宗教、政治、歴史観に始まり、個々人の生活における意見の相違まで、異「教義」間、異「思想」間、異「世界理論」間で繰り広げられ、繰り返される、果てしない貶しあい、相互無理解と相互嫌悪・憎悪、自教義(自理論)の一般化・絶対化・普遍化と、他教義(他理論)に対する恣意的で一面的な読み取り/読み込みと、批判、こき下ろし、嘲笑。
自教義(自理論)の普遍化(布教)による世界平和・世界統一を言う者同士の果てしない戦い、終わりのない地域紛争の現実。

それらを見たとき、思わず、こう問うでしょう。

なぜ、人間は、「同じ」世界を、こうまでも異なったものとして(異なった意味の体系として)認識してしまうのだろうか?

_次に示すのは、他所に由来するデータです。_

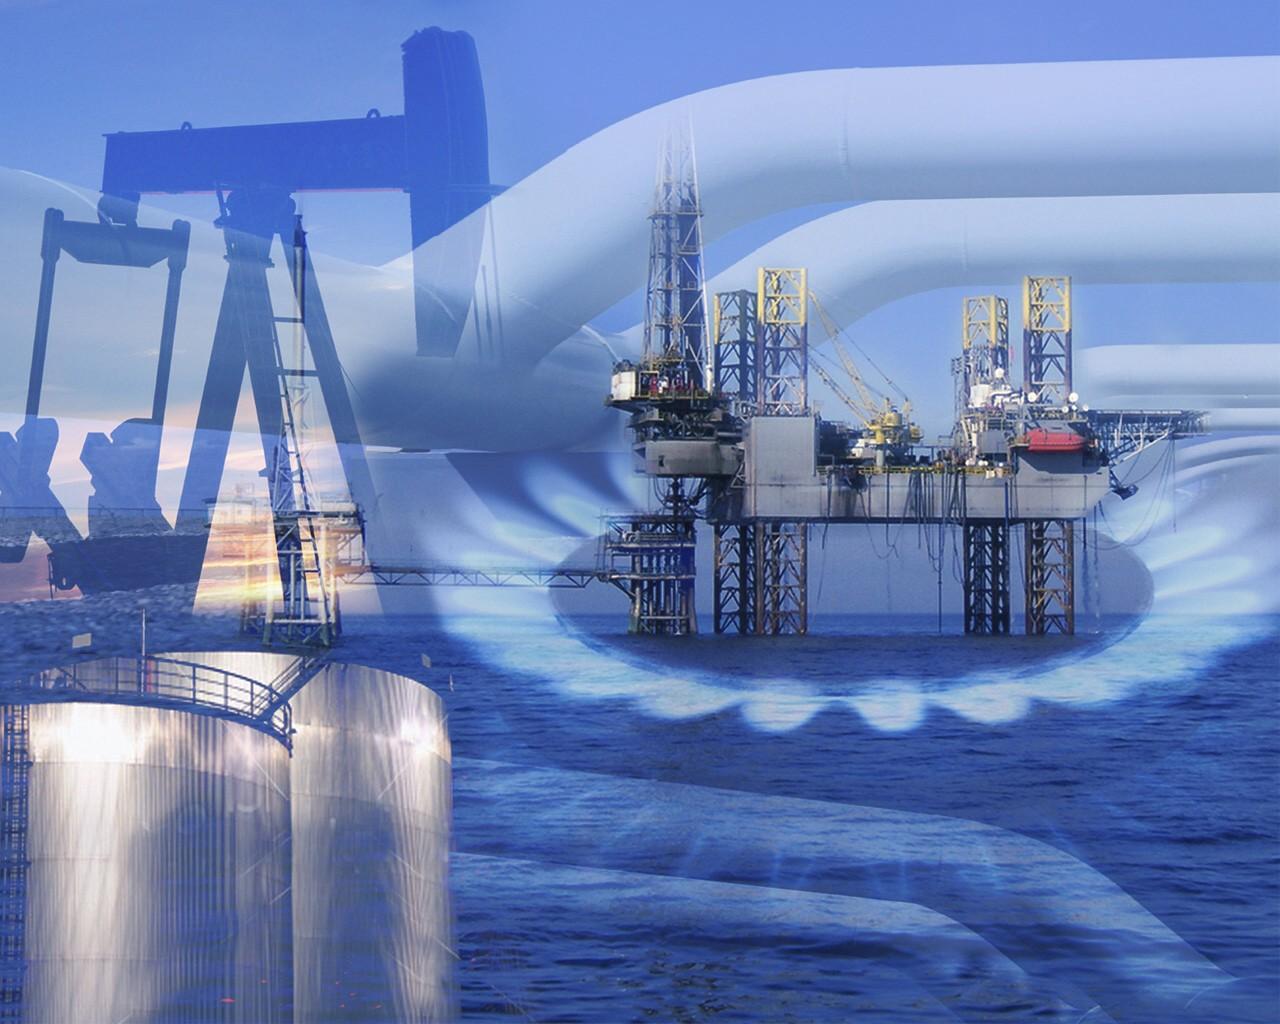 Картинки по нефть и газу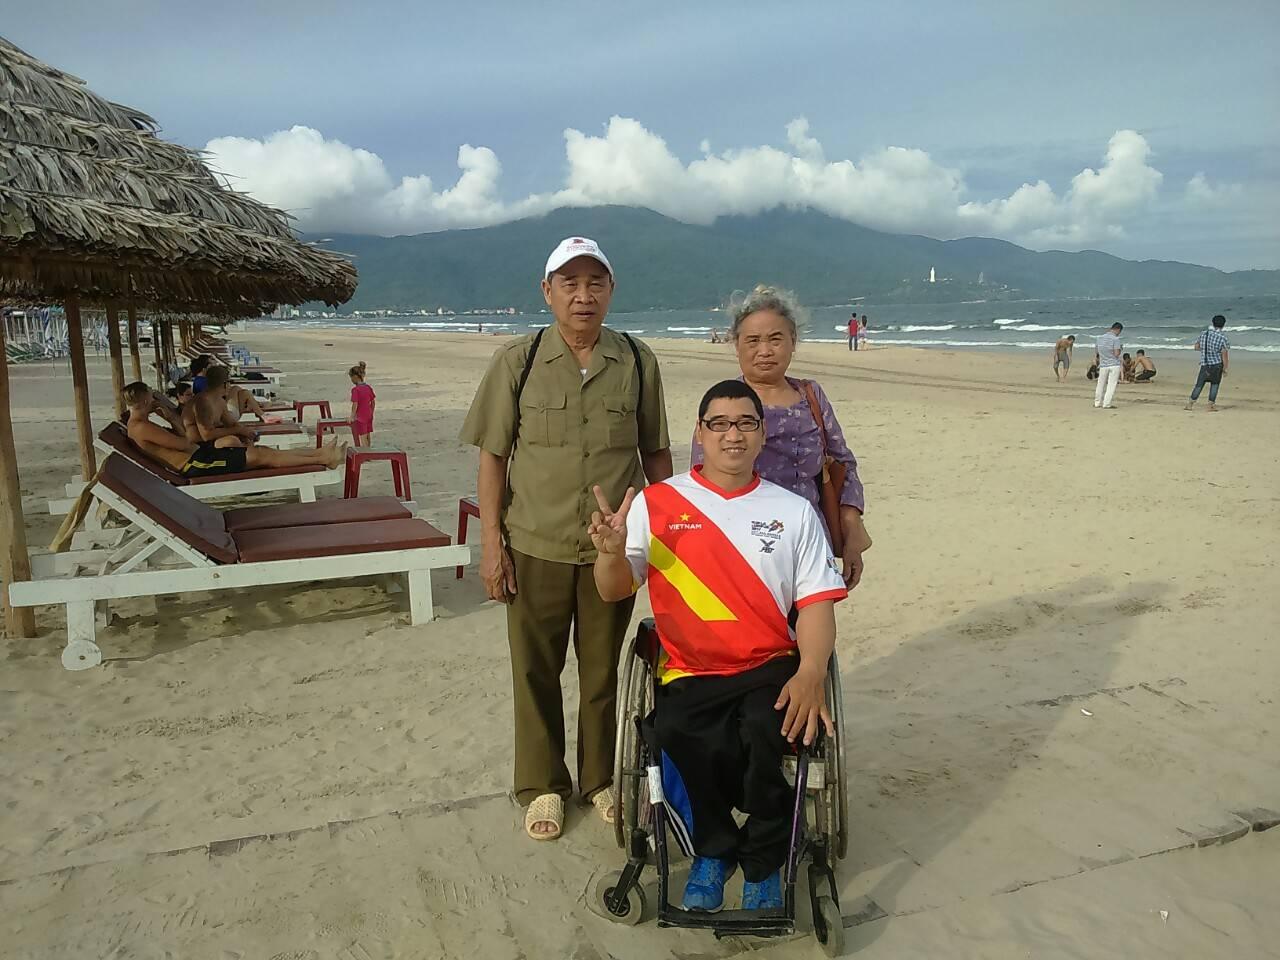 Hành trình người con tật nguyện thực hiện ước mơ du lịch cùng Vietsense Travel - Ảnh 1

これら異教義(異理論)間を見渡すことができる、ある超越的な視点を確立できないものか?
せめて、議論を可能とするための共通の土台・土俵を作ることはできないか?
それによって、この「神々たちの戦い」を終わらすことはできないのか?

そのような思想的試みは、これまで繰り返し行われてきました。

これから行いたいのは、(私なりの)そのような試みの一つです。

これは、主に「私の根本問題」の3番目(世界イメージ防衛)に関する主題です。
そして、その根は、おそらく2.の「自己イメージ防衛」の問題圏にあるのでしょう。

理論と現実の循環構造

【第一階層】

● 1. 瞑想宗教の構造 -帰納法-

無心に虚心に世界を眺めれば、世界はミズカラその真相を語ってくれる。
一切の理論的前提=先入観なしに、言葉なしに世界を観察すれば、オノズカラ、その真の構造が立ち表れる。→その「虚心」「無心」に世界を眺めるための技法としての瞑想。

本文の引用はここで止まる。